Hurricane Harvey, in contrast, "was a natural disaster of epic proportions" that made it unsafe to go outside.

New York Mayor Bill de Blasio, a Democrat who initially resisted imposing a curfew on a city already hit hard by the coronavirus, changed his mind Monday after a weekend of violence, including an instance of police SUVs driving into demonstrators.

"There are advantages and disadvantages, to say the least, to instituting a curfew," de Blasio, whose 25-year-old daughter, Chiara, was among those arrested during the protests, said before he imposed the curfew. "Previous nights, I think, were different than what we saw last night."
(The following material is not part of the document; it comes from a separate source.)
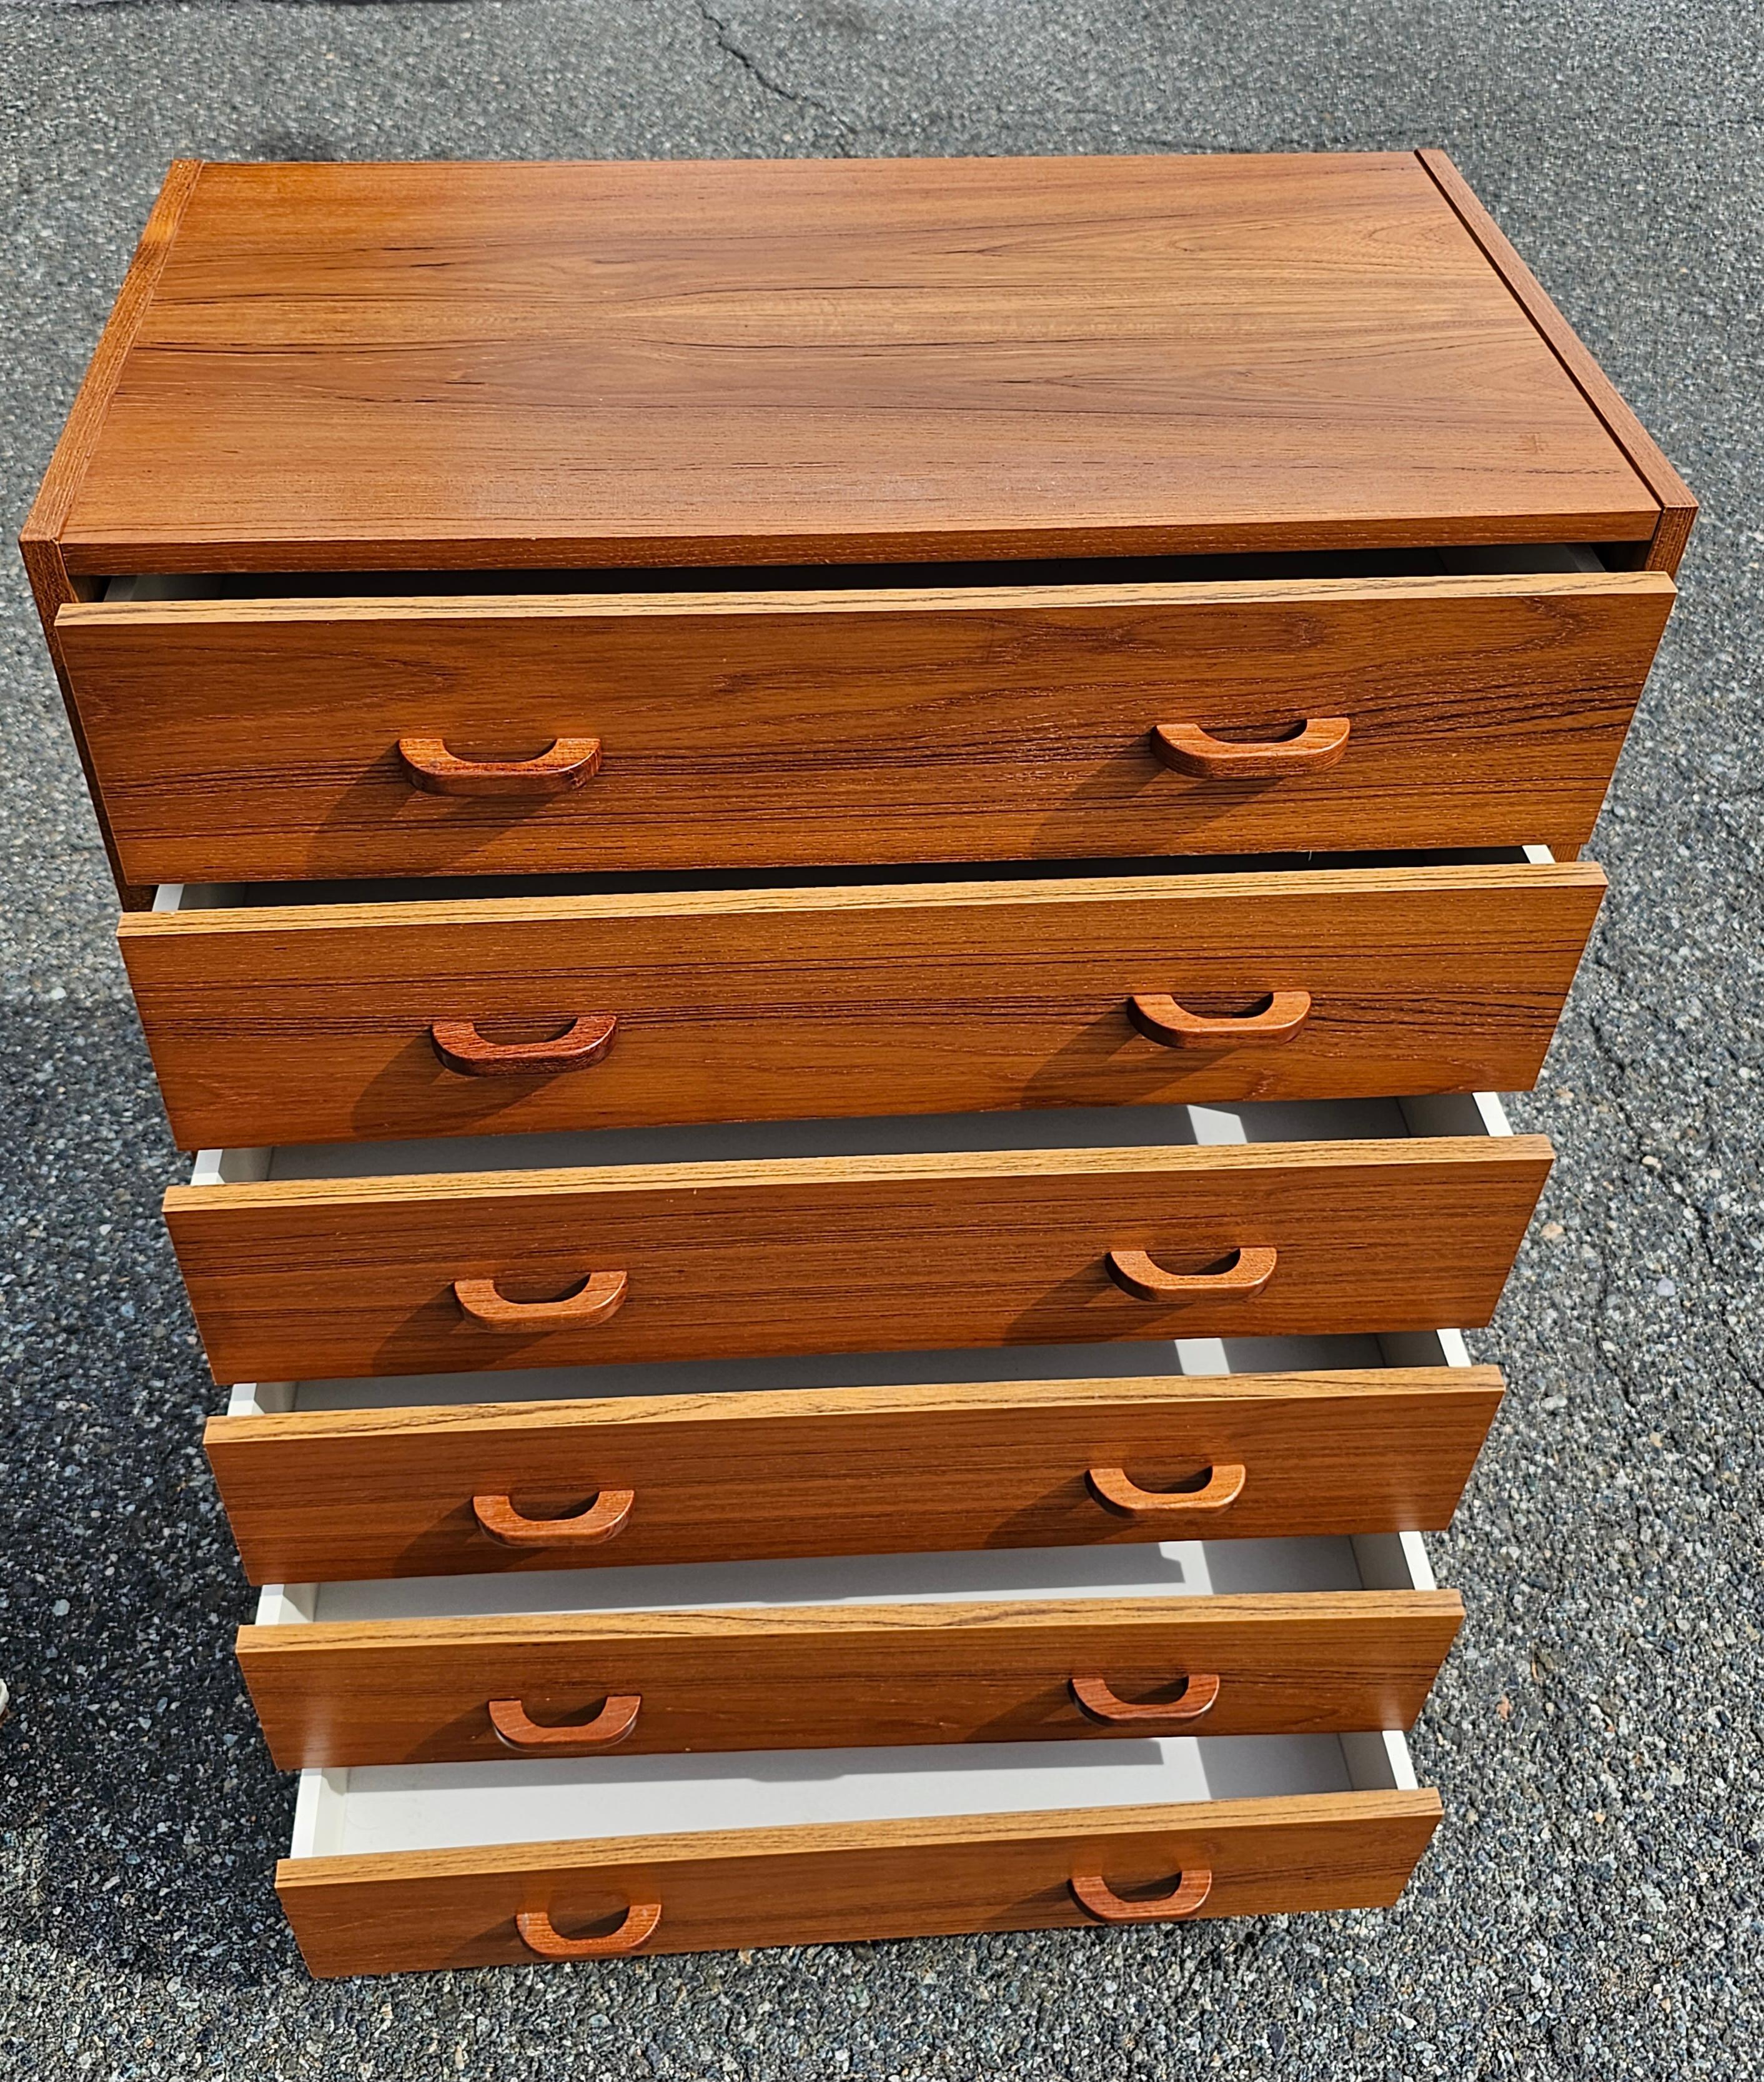 Wood Late 20th Century Danish Modern Teak Chest of Drawers For Sale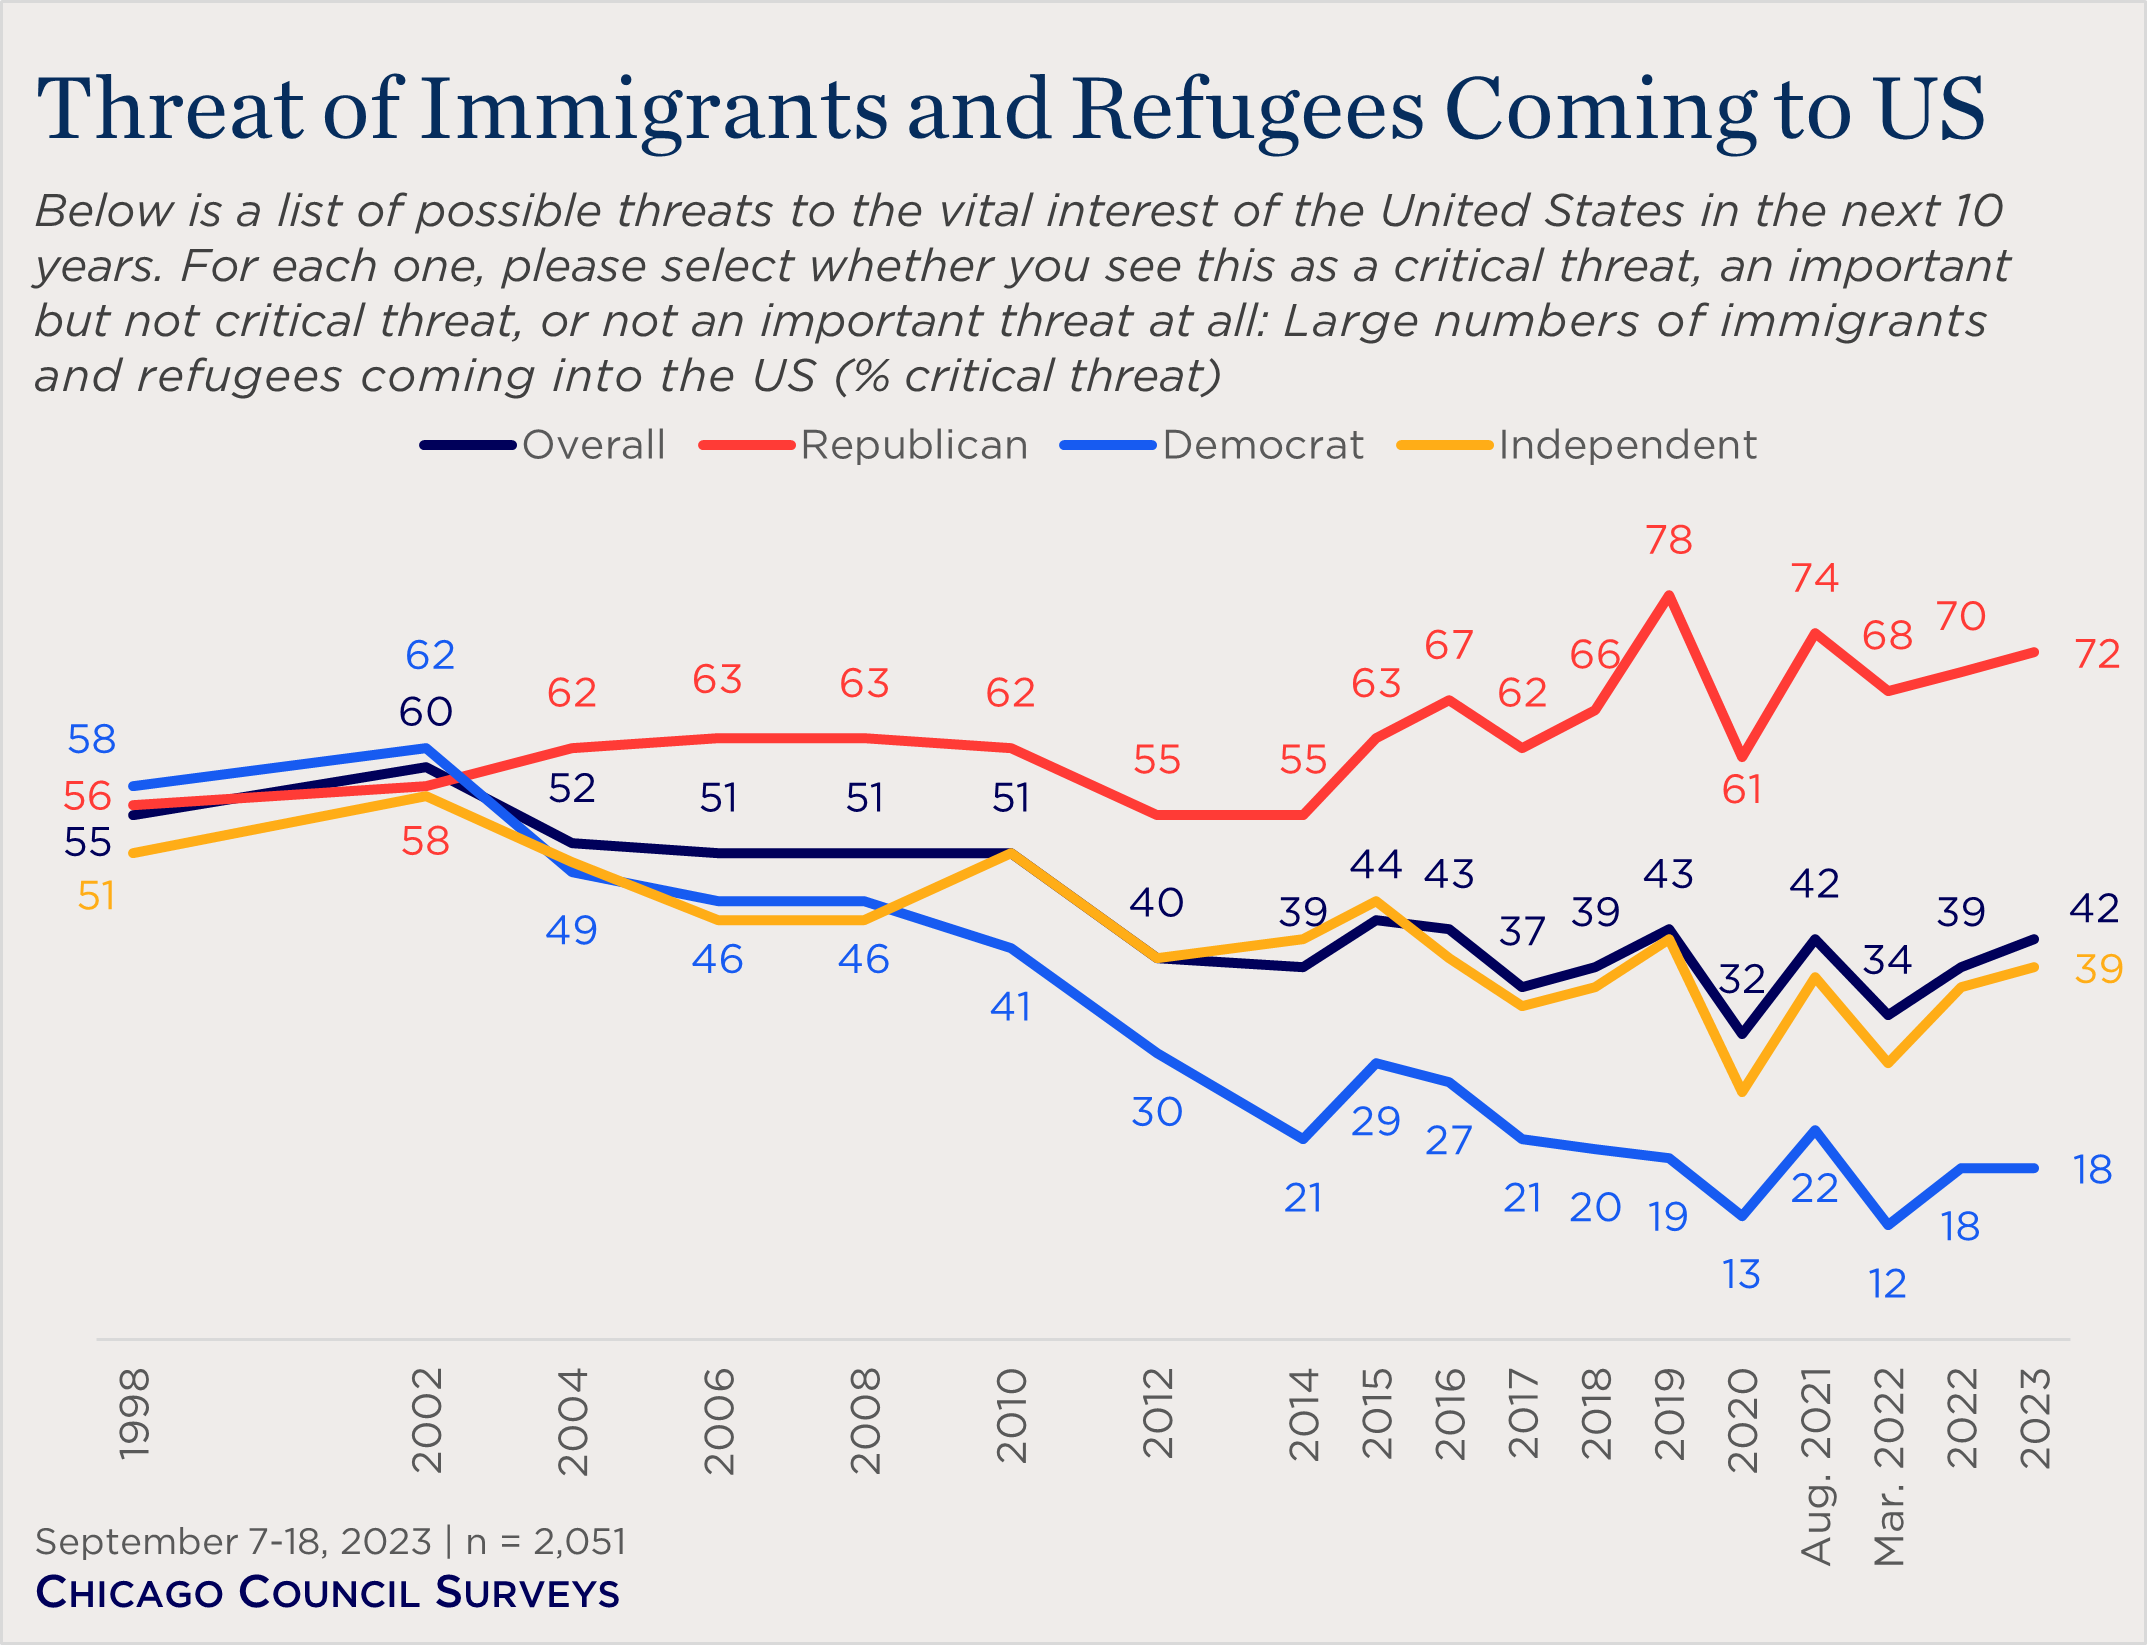 "line chart showing partisan views on the threat of immigration"

Several New York counties imposed curfews, including areas home to the larger cities of Rochester, Syracuse and Buffalo.

In Raleigh, the capital of North Carolina, Mayor Mary-Ann Baldwin announced a curfew Monday "after two nights of violence and destruction" and said she hoped the community would "pause, collect ourselves, begin to repair the damage."

"There are so many people hurting throughout this city, and we need to come together peacefully and as one community," said Baldwin, a Democrat, in a statement announcing the curfew Monday. "For those who have protested peacefully, your voices are being heard and will always be welcome. The call for change can't be answered, however, if we continue to allow destruction of our property and attacks on our small businesses that have already been hurt by this as well as the impacts of COVID-19."